When I came back up to the surface, Callie was holding both of her hands up high out of the water, all five fingers on each hand spread wide. “Ten!” she shouted, then, “Race you to the shallow end.”

Before I could even respond, she was gone. She always pretended to be a mermaid, swimming right along the bottom, waving her body while keeping her legs and feet suctioned together like a tail. She made it all the way across the whole pool like that and was waiting for me on the other side. When I reached her, she said, “Go under, I gotta tell you something.”

I rolled my eyes but did it anyway. Underwater her voice was high pitched and garbled, bubbles flowing out of her mouth, up to the surface. We came back up, and I said, “Birthday card inside out?”

She wailed, “No!” and we went under again.

“Same thing,” I told her. “Birthday card. Inside out.”

“You’re terrible at this!” She splashed me again. “Lifeguard. Checking. You. Out.”

“No he isn’t!” I said, without even bothering to see whether it was true or not. I didn’t want to know either way. How many times had I told her that I didn’t care, wasn’t interested in looks, didn’t want guys being interested in me, and how many times would she try to convince me otherwise, tease me, try to make me feel uncomfortable?

“He so is!” she giggled, her eyes already turning red from the pool chemicals.

“No,” I said. “He’s not.”

I dunked my head underwater then and kicked my feet against the side of the pool, darting away from her, away from her games and her words, away from the way they made me feel. Or not feel. I wasn’t interested in some random lifeguard, or any other guy for that matter, and that was not something I was ready to think about in too much depth. I swam until I lost count of the laps. Until my arms and legs refused to go any farther. Until I could almost forget who I was. Then I turned over onto my back and opened my eyes; I gazed up at the clouds floating in the blue sky just as I was floating on the blue water. My thoughts had finally slowed to a crawl. This was around the time I’d expect Callie to stealth-mermaid her way beneath me, grab my leg, and pull me under—I’d flail and spring back up to the surface with a gallon of water up my nose—but that’s not what happened that day.

She was already out of the pool, lying down on her towel, my too-big sunglasses shielding her eyes. I climbed up the ladder, my body heavy out of the water. My wet footsteps slapped against the concrete as I made my way over to our spot. I spread my towel out and lowered myself down onto my stomach next to Callie, resting my head on top of my folded arms. She lifted my wet hair and flopped it over my shoulder. A cool breeze flowed over my bare back as her finger pressed against my skin, drawing a hook shape, like the beginning of a question mark, on one side, then its mirror image on the other: a heart.

We used to do this all the time when we shared a room. She’d often wind up in my bed, scared, with our mom crying and our dad yelling on the other side of the door. I’d write out silly invisible messages on her back until she fell asleep.

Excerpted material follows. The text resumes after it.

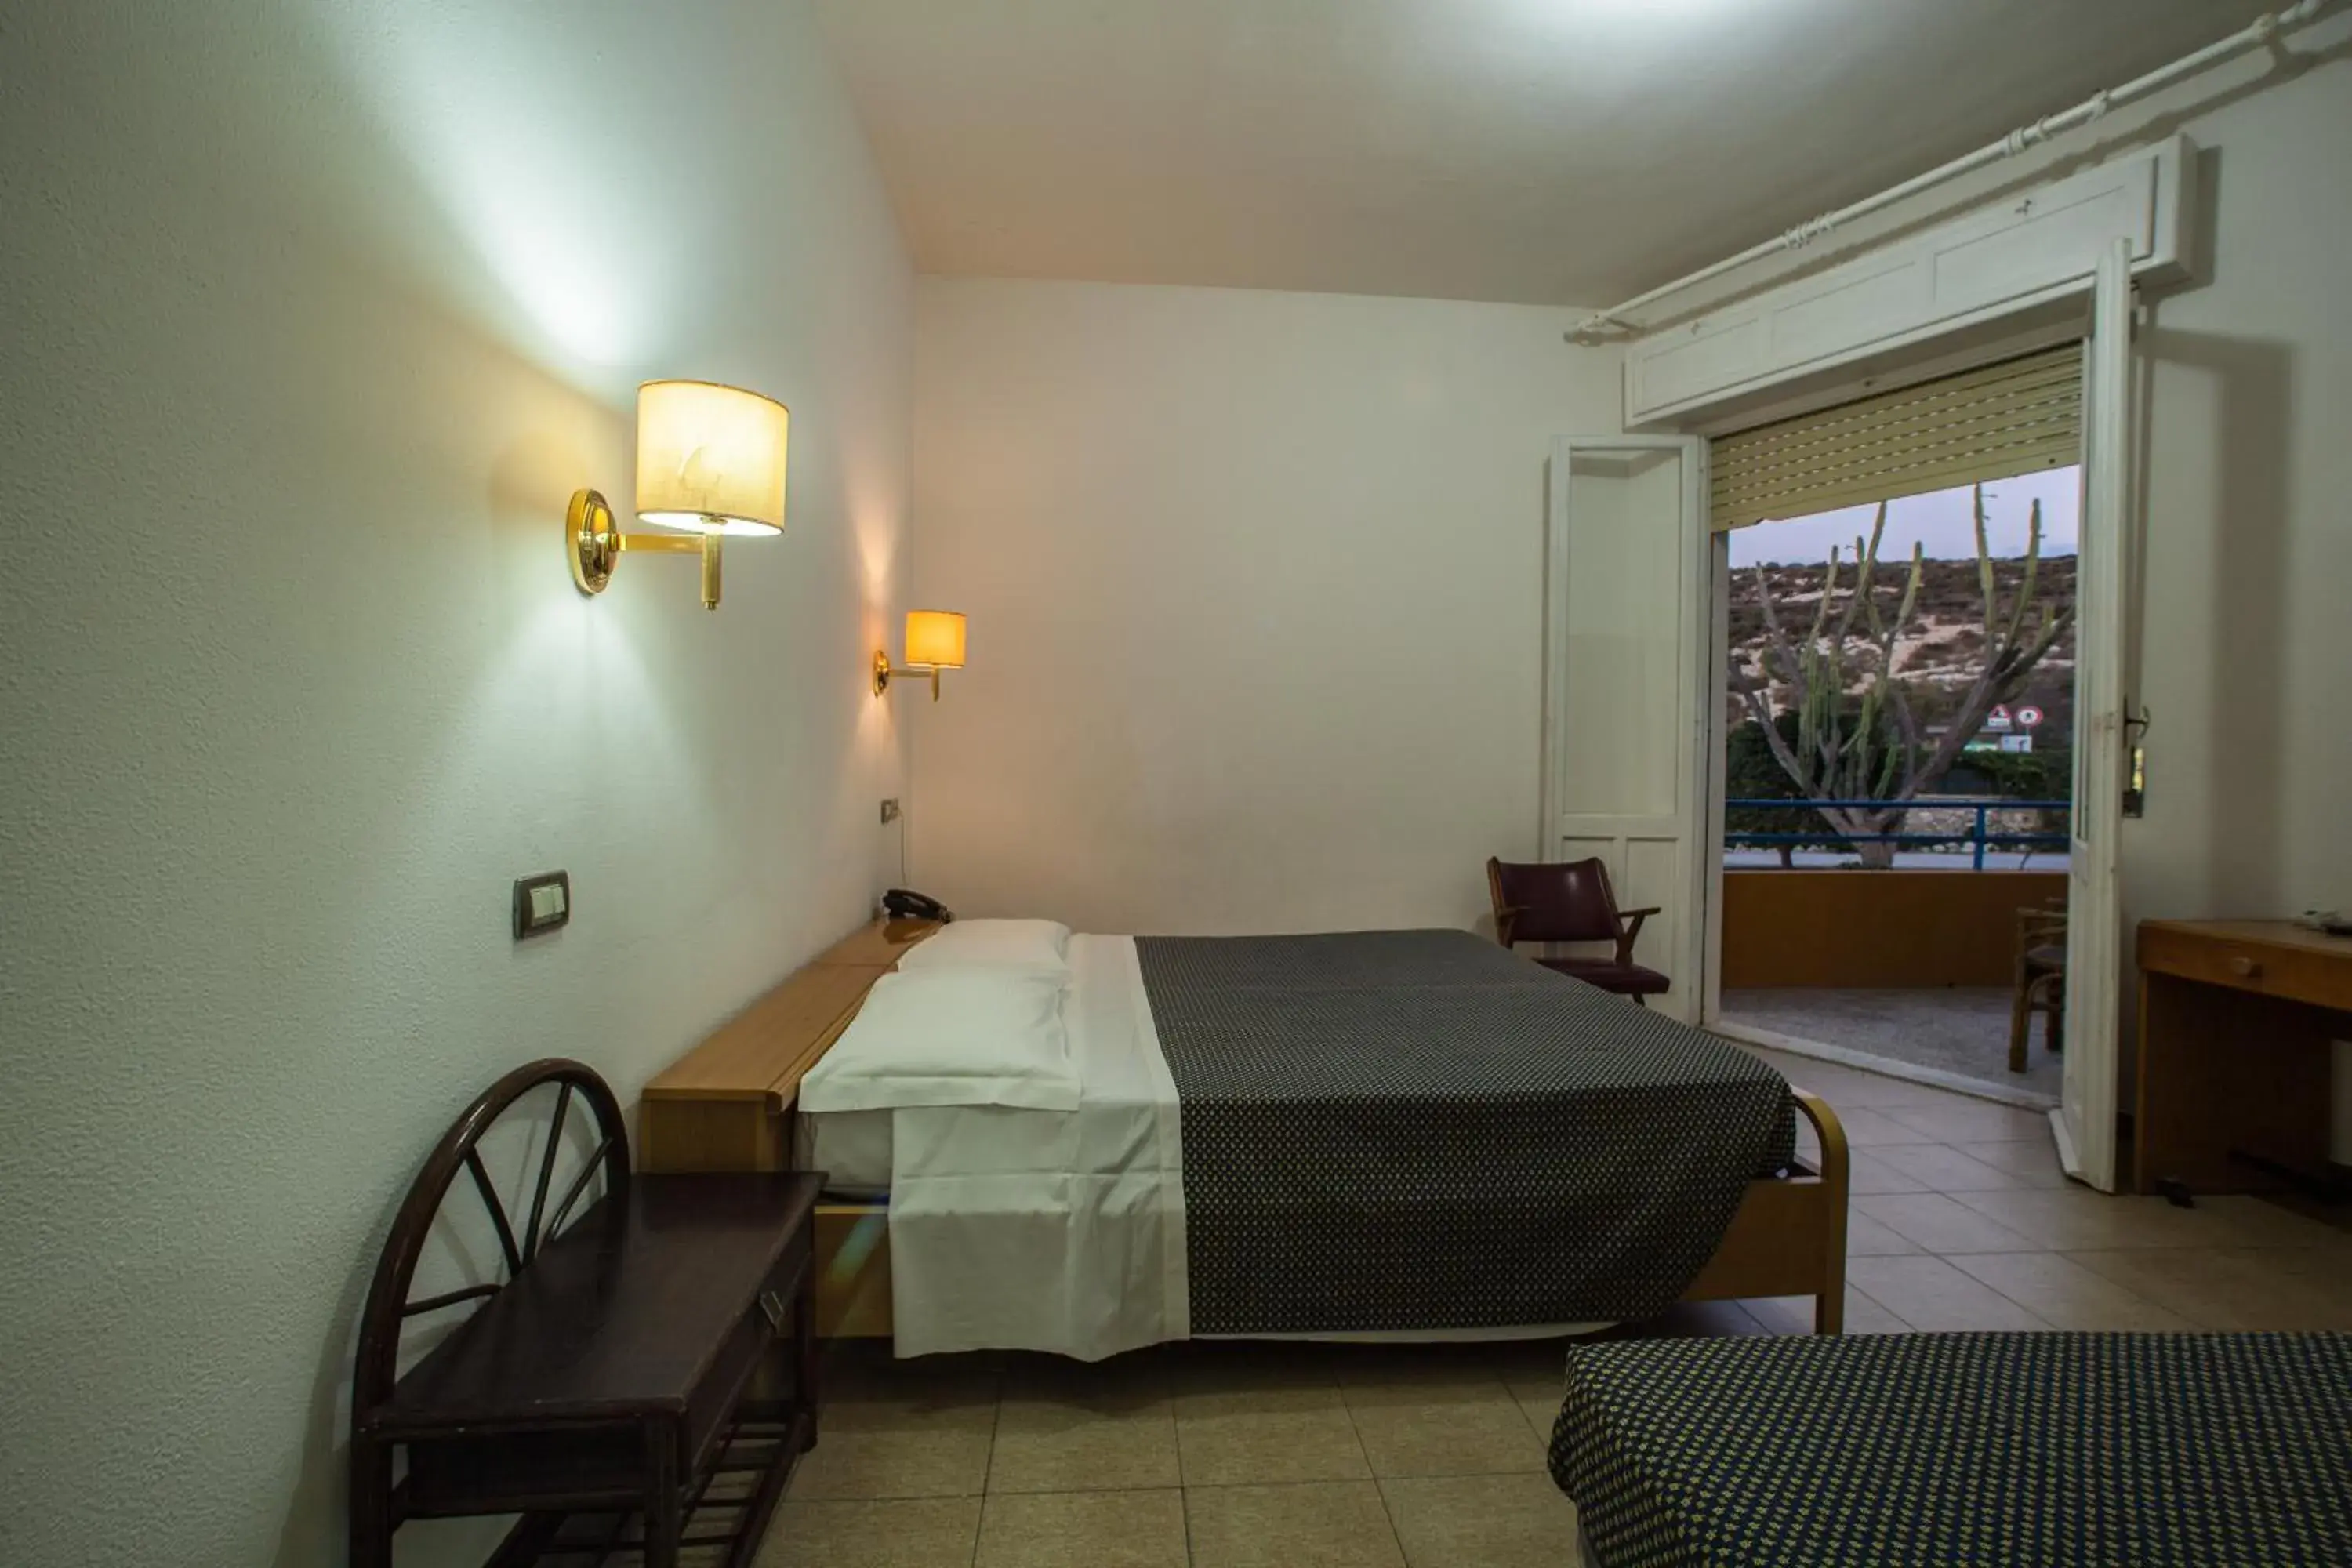 Bedroom, Room Photo in Hotel Calamosca

I smiled and whispered, “Sorry I got mad.”

Then she drew a circle followed by three sharp lines: OK. Then two dots and a curved line: smiley face.

She lay back down next to me, and although we didn’t say anything to each other, it felt right. Like we didn’t need to say anything, like maybe she finally got something about me that I wasn’t even quite sure of myself yet. I closed my eyes and let my body soften against the hot, hard cement, that good ache in my lungs, the gentle strain of muscles after swimming as strong and hard and long as I could, the slow fog settling over my thoughts again.